October 6, 2021

Analyst Day

Why do you hold an Analyst Day? 

Traders and investors, these are what Joel Elconin on Benzinga Premarket Prep this past Monday called “the dog and pony show.”

For the investor-relations profession, the liaison to Wall Street, it’s a big deal, ton of work. We choreograph, prepare, script, rehearse, plan. We’re laying out Management’s strategic vision.

And it’s successful if…what?  The stock jumps?

Analyst Days: Productive, or just busy? Illustration 130957015 © Turqutvali | Dreamstime.com

Before Regulation National Market System in 2007 transformed the stock market into the pursuit of average prices, triggering an avalanche of assets into index funds and ETFs, you could say that.

Even more so before decimalization in 2001 transformed “the spread,” the difference between the prices to buy and sell, into the pursuit of pennies. It’s now devolved to tenths of pennies in microseconds.

The point is, a good Analyst Day meant investors bought the stock. Same with earnings. News. 

Let me take a moment here.  In addition to ModernIR, the planet’s IR market-structure experts and the biggest provider of serious data for serious IR professionals at US-listed companies, Karen and I run a trading decision-support platform called Market Structure EDGE.
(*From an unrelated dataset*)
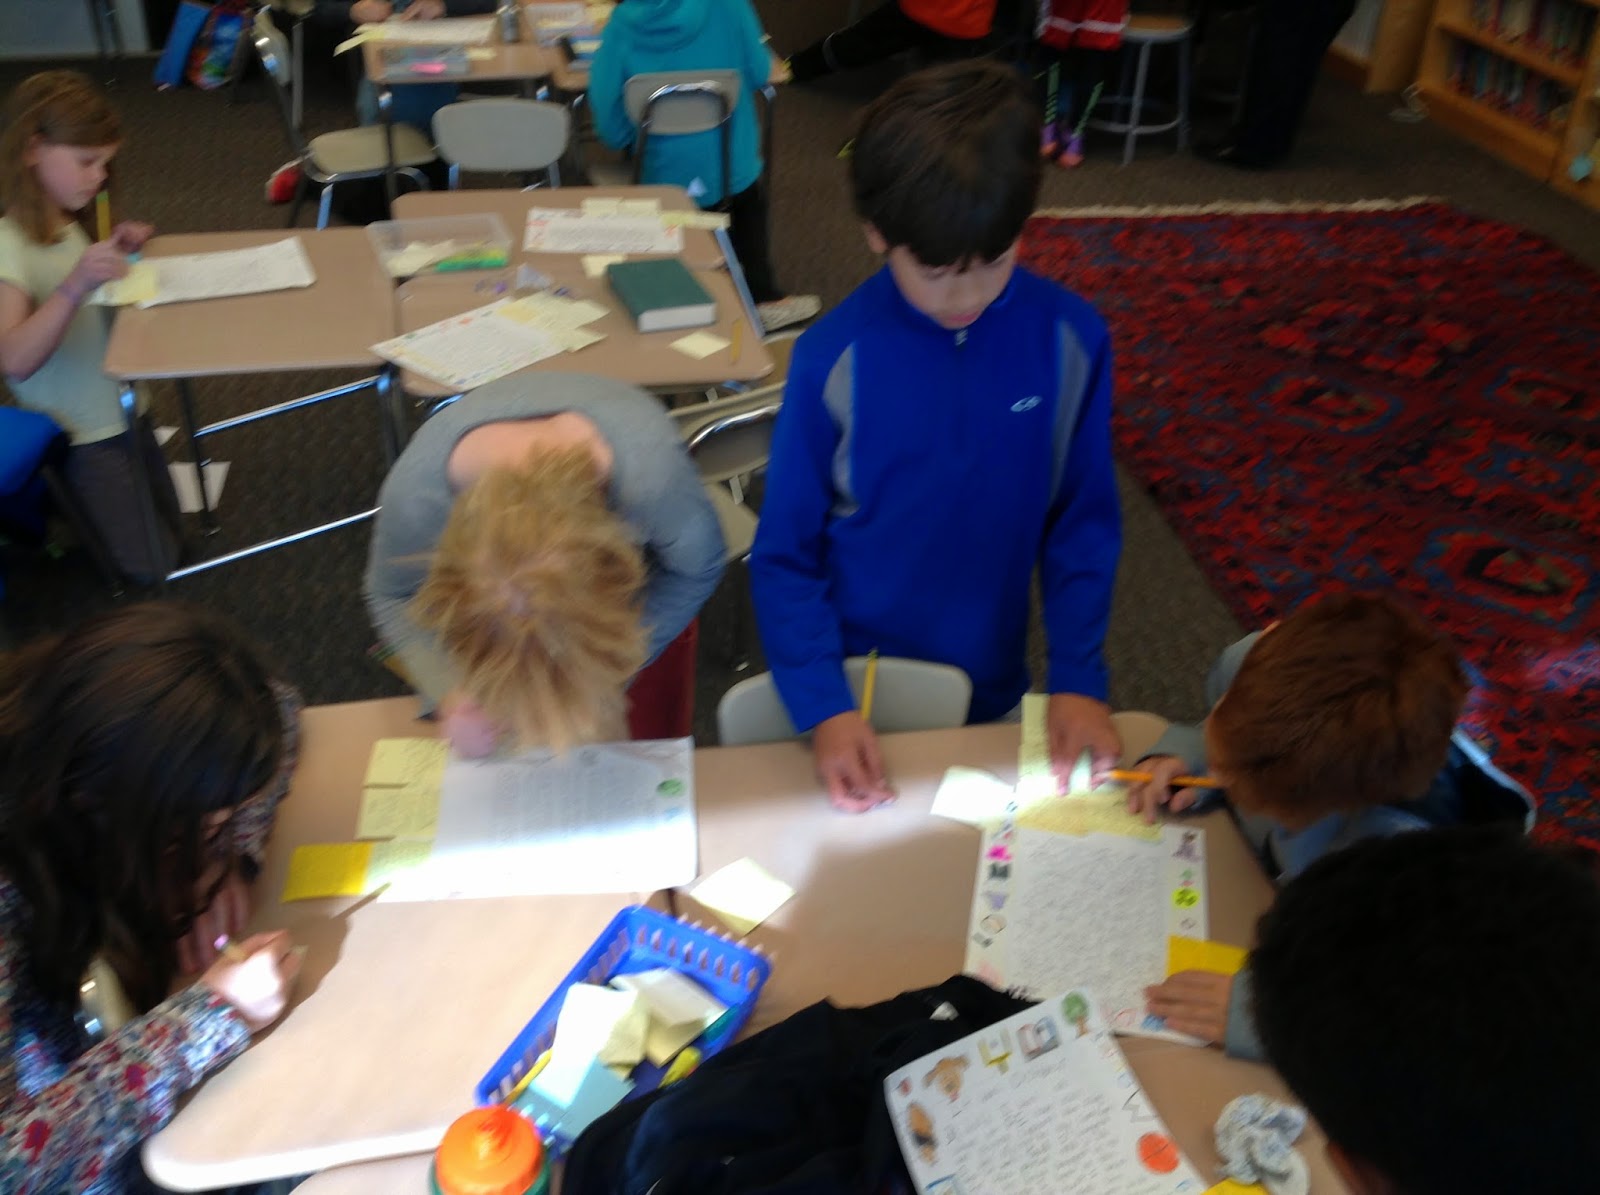 iPad and Learning Adventures at Lower School: Blogging about Blogging

Using data from that platform, I bought 200 shares of a known Consumer Discretionary stock this week using an algorithm from my online firm, Interactive Brokers. The order was split into three trades for 188 shares, 4 shares, and 8 shares, all executed at BATS, owned by CBOE, the last trade at a half-penny spread.
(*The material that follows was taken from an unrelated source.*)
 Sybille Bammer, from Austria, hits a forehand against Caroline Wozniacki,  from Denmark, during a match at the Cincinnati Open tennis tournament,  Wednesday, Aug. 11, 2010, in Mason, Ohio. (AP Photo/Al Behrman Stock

Why is this germane to an Analyst Day?  Stick with me, and you’ll see.

Would you go to a store looking for carrots and buy 10 of them at one, then drive to another for 2, and a third for 4?  Idiocy. Confusing busy with productive. So, why is that okay in a market worth $50 trillion of FIDUCIARY assets?

The stock I bought is a household name.  Ranks 463rd by dollars/trade among the 3,000 largest stocks traded in the US market, which are 99.9% of market capitalization. It’s among the 500 most liquid stocks.

Your Analyst Day is a massive target.  And over 90% of volume in the market has a purpose other than investment in mind. My trade in three pieces meant the purpose for the other side was to profit by splitting an order into tiny parts. That’s not investment. It’s arbitrage.

Investor-relations people, you are the market maestros. Your executives and Board count on you to know what matters.  Did it occur to you that your Analyst Day is a giant plume of smoke attracting miscreants? Does your executive team understand that your Analyst Day could produce a vast plume of arbitrage, and not what they expect?  If not, why not?

Look, you say. I run an Analyst Day. Are you saying I shouldn’t?

I’m saying that whether you do or not should be data-driven.  And evaluating the outcome should be data-driven too.  As should be the planning and preparation.

As should the understanding from internal audiences that at least 70% of the volume around it will be profiteers chasing your smoke plume, just like they gamed me for about 2.5 cents.

It’s not the 2.5 cents that matters. It’s the not knowing supply or demand. It’s the absence of connection between price and reality.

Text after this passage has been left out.